I agree in part. We did see some confusion come up among people here so it also seemed reasonable to ask for more information.
Later i saw a difference in models, where one model might not quite fit the question while the other did.
Also note that my notes from my own experience and simplified conclusions were always that it was in sat to start, then came out of sat with the higher voltage, but i would have preferred more info too.
I also think that a transistor question as well as a physics question deserves it's place in the context of the course work. If the student is in physics 101 they could most likely get away with just a few details for the cannon example, but if they try that in an advanced course in physics the instructor will certainly have a good laugh cause he's going to get paid twice for that student when they come back next semester to take the same course again
So i partly agree, with a just few small reserves. I believe your way of thinking about this is good too...take it for what it says and dont question it too much.

You might also want to note that in spice the transition between sat and non sat is not the difference between a straight line and a curve.
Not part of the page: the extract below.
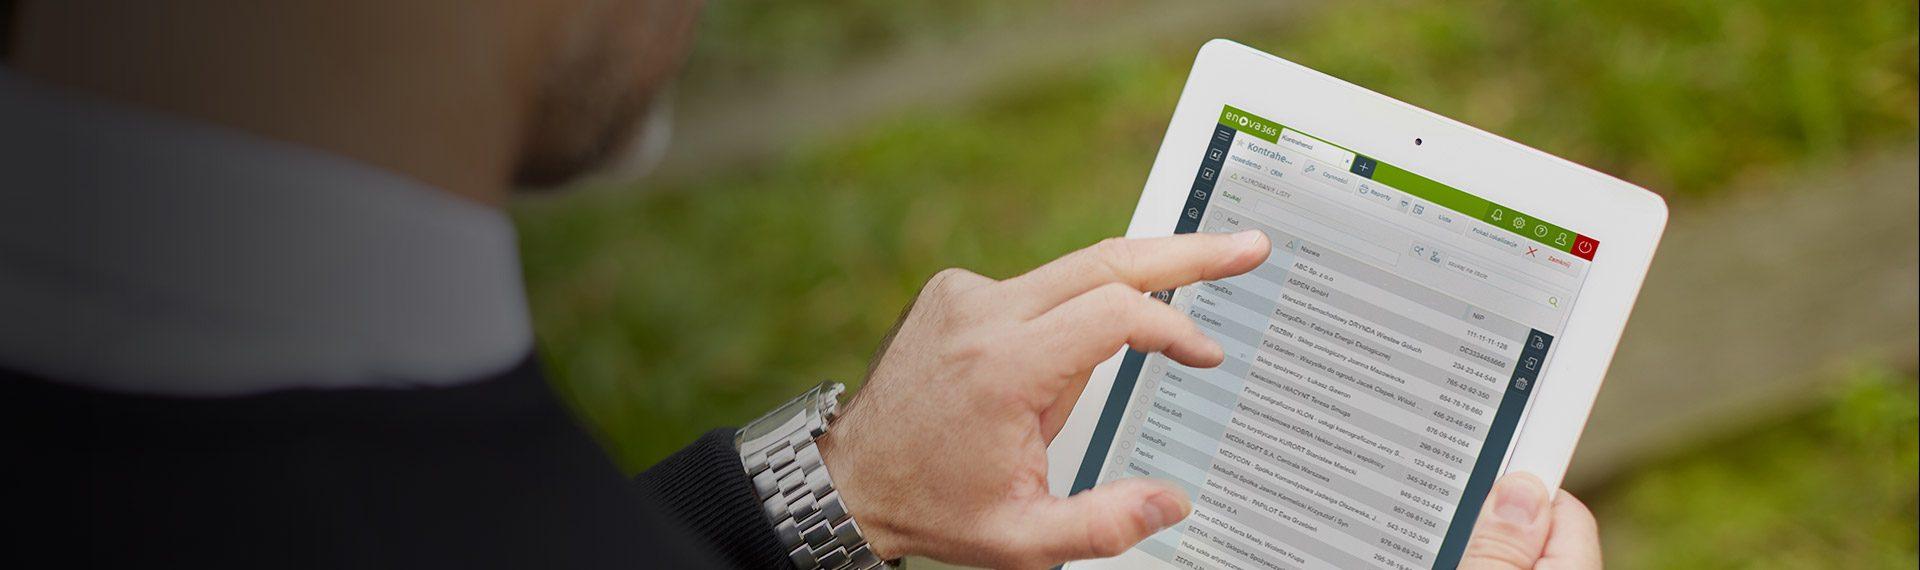 Aplikacja enova365 dla mobilnego handlowca

That i believe seems true because the line is never really straight for one thing, and even if part of it is, the sat point is defined mathematically with an inequality based on the base emitter voltage and the collector emitter voltage and as we know the base emitter voltage vs base current is never really straight. This also means that i believe that the curve in question was a simplified approximation of the real response. Feel free to add more though to this discussion on saturation.

The difference between saturation and non saturation is a very important facet of switching circuits using bipolar transistors. If we had to design a fast switching circuit, we'd have to define this more accurately. Lucky here we dont have to do that

 

Please help me with the following assignment question. A certain 2N3904 dc basis circuit with the following values is in saturation. Ib = 500 uA Vcc = 10V and Rc = 180 ohm and hfe = 150. If you increase Vcc to 15V, does the transistor come out of saturation?

My attempt at a solution:

Ic (sat) = (Vcc - Vce (sat))/Rc but Vce (sat) then work out whethere Ib is capable of producing Ic (sat) but Vce (sat) isn't given. It's only a two mark question. Please help.

Here's how I'm looking at this
Using a grounded emitter CE config, with constant IB of 500 uA, assuming 0V for VCE sat.

1). I would calculate IC under VCC of 10 volts, with VCE @ 0v.

2). Then calculate IC under 15 volts with VCE @ 0v.

3). And then calculate IB (500uA) times Beta constraint (150) to give max. current under VCE sat.

4). After that multiply this sat. current times collector load resistor 180 ohms to give voltage drop across the load under this assumed condition.

5). And subtract the voltage dropped across the load resistor, from the increased supply of 15 volts. and the difference then becomes the drop across the transistor.

From the problem, it seems the assumptions are that under VCE sat. the beta is 150 rather than the nom.10 used for real world design purposes. And it's OK to assume 0v. for sat.

I think the fact there constraining IB makes it possible to be able to do this problem, because with IB constrained and Beta given, it doesn't matter what the VCC value is to attain a calculated value for IC sat. IC sat is constrained as (500uA times 150).

That's how I would approach this problem, maybe it helps.

 

I think it's been pretty well beaten out that the beta of 150 is for when it is NOT in saturation.